WASHINGTON, D.C. - Everybody makes lists these days. Grocery lists, to-do lists, no big deal, right? But when the U.S. Treasury Department makes a list, it makes headlines.
Its list has the names of more than 200 Russian business leaders and political figures -- all with direct ties to Vladimir Putin.
It took an act of Congress to mandate the list, and sanctions against Russia, as punishment for meddling in the 2016 U.S. presidential election. President Donald Trump reluctantly signed the bill into law last year, but his administration failed to meet Monday's deadline to impose any restrictions.
"Right now we are a cheap date in the sense that there are no consequences. There are no results for when you do something to us, we don't do anything back," said Sen. Angus King, (I) Maine. "If the Russians aren't paying a price for what they're doing, they're going to keep doing it."
While testifying before the Senate Banking Committee Tuesday, treasury secretary Steven Mnuchin defended Trump's actions, or lack there of. "We did not waive or delay."

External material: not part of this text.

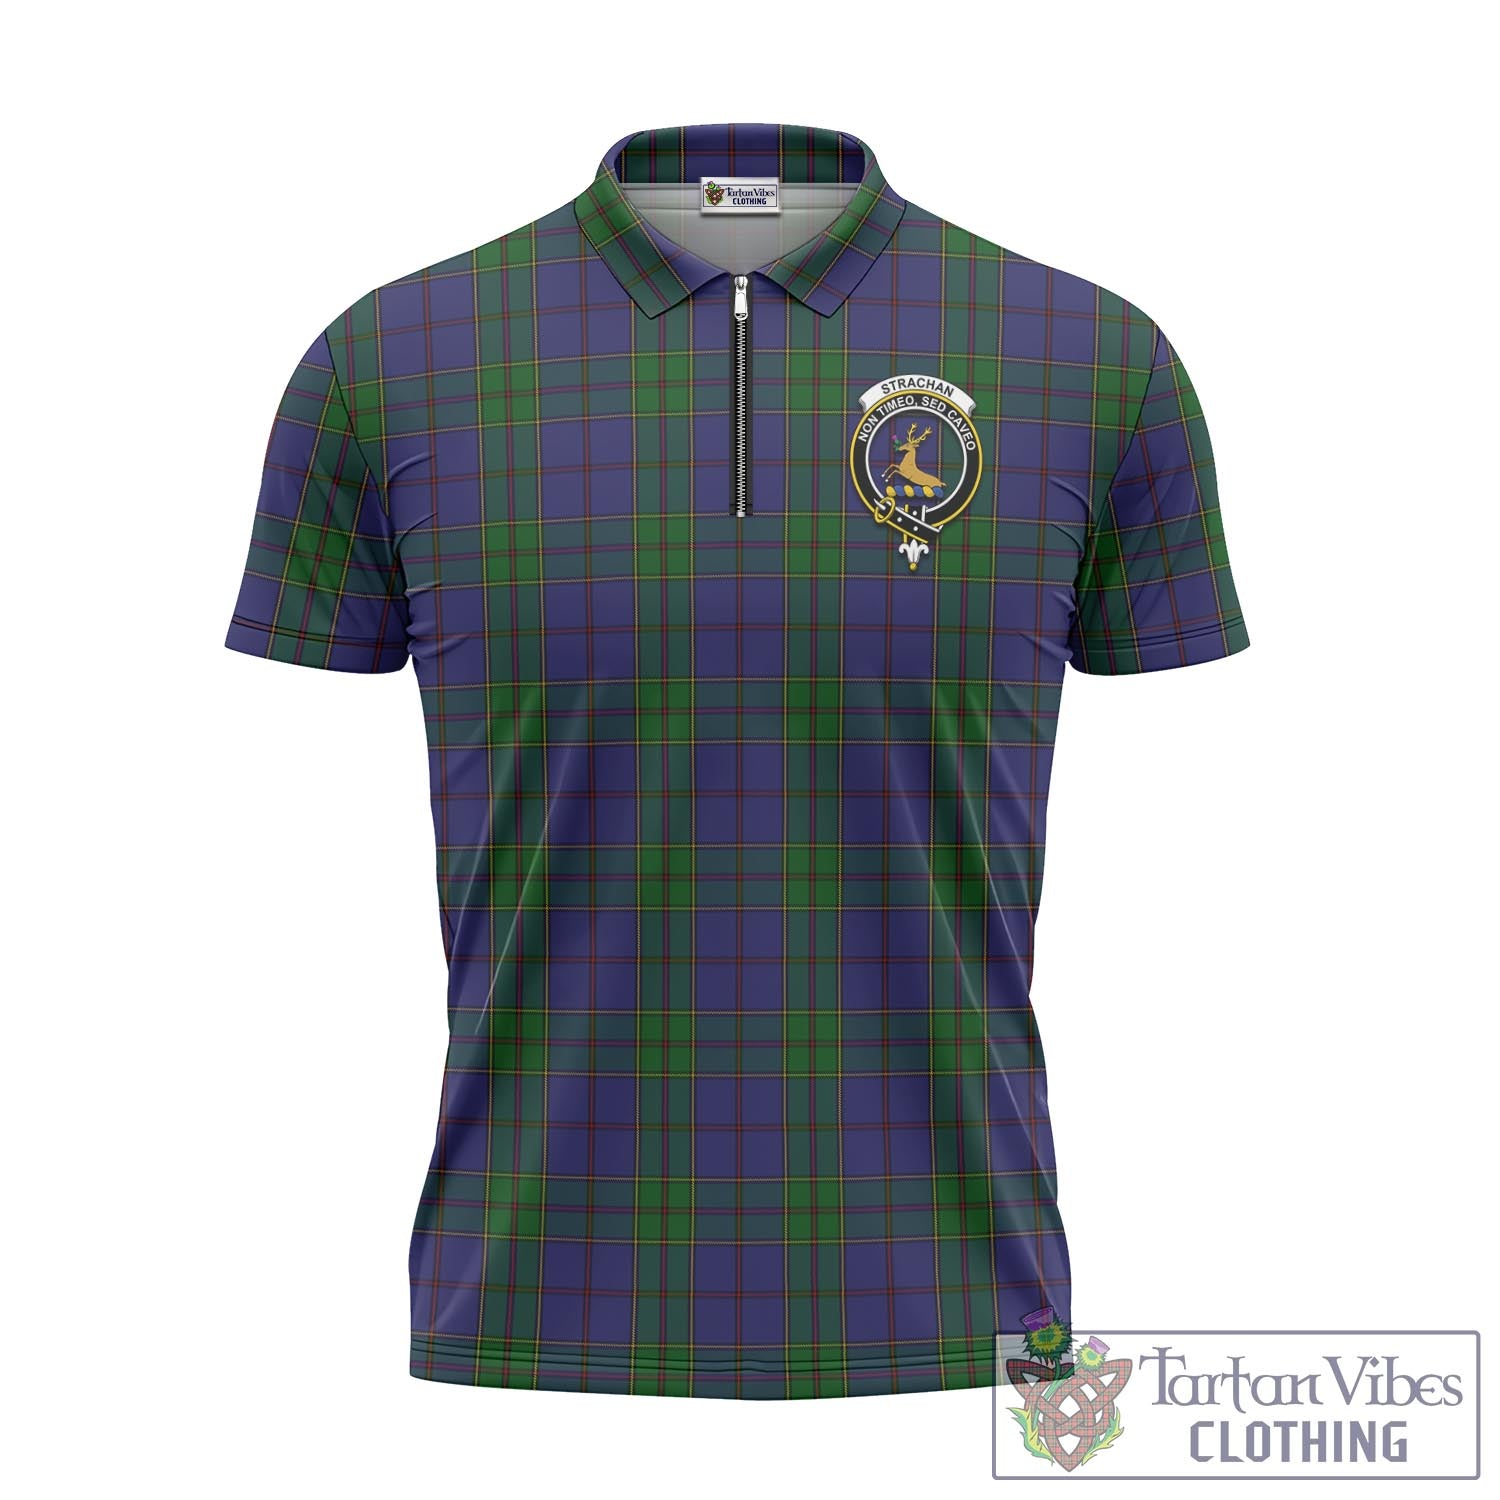 Tartan Vibes Clothing Strachan Tartan Zipper Polo Shirt with Family Crest

Despite missing the deadline, Mnuchin says they are using the report to decide where best to place sanctions. "So this should in no way be interpreted as we're not putting sanctions on any of the people in that report."
Some on the list were already subject to sanctions, but the administration stopped short of imposing new ones. Just being on the list may lead to banks and other institutions not doing business with them.
"This administration has been tougher on the Russians than the previous administration. I will tell you however, that I hope it's tougher," said Rep. Mario Diaz-Balart, (R) Florida. "I think Mr. Putin is a thug, is a gangster."
Putin is calling the list "pointless" and an "unfriendly act." Others in the Russian government say this is the United States' attempt at meddling in their presidential election.
Seems there hasn`t been a list on Capitol Hill generating this much drama or speculation since the Mc Carthy era.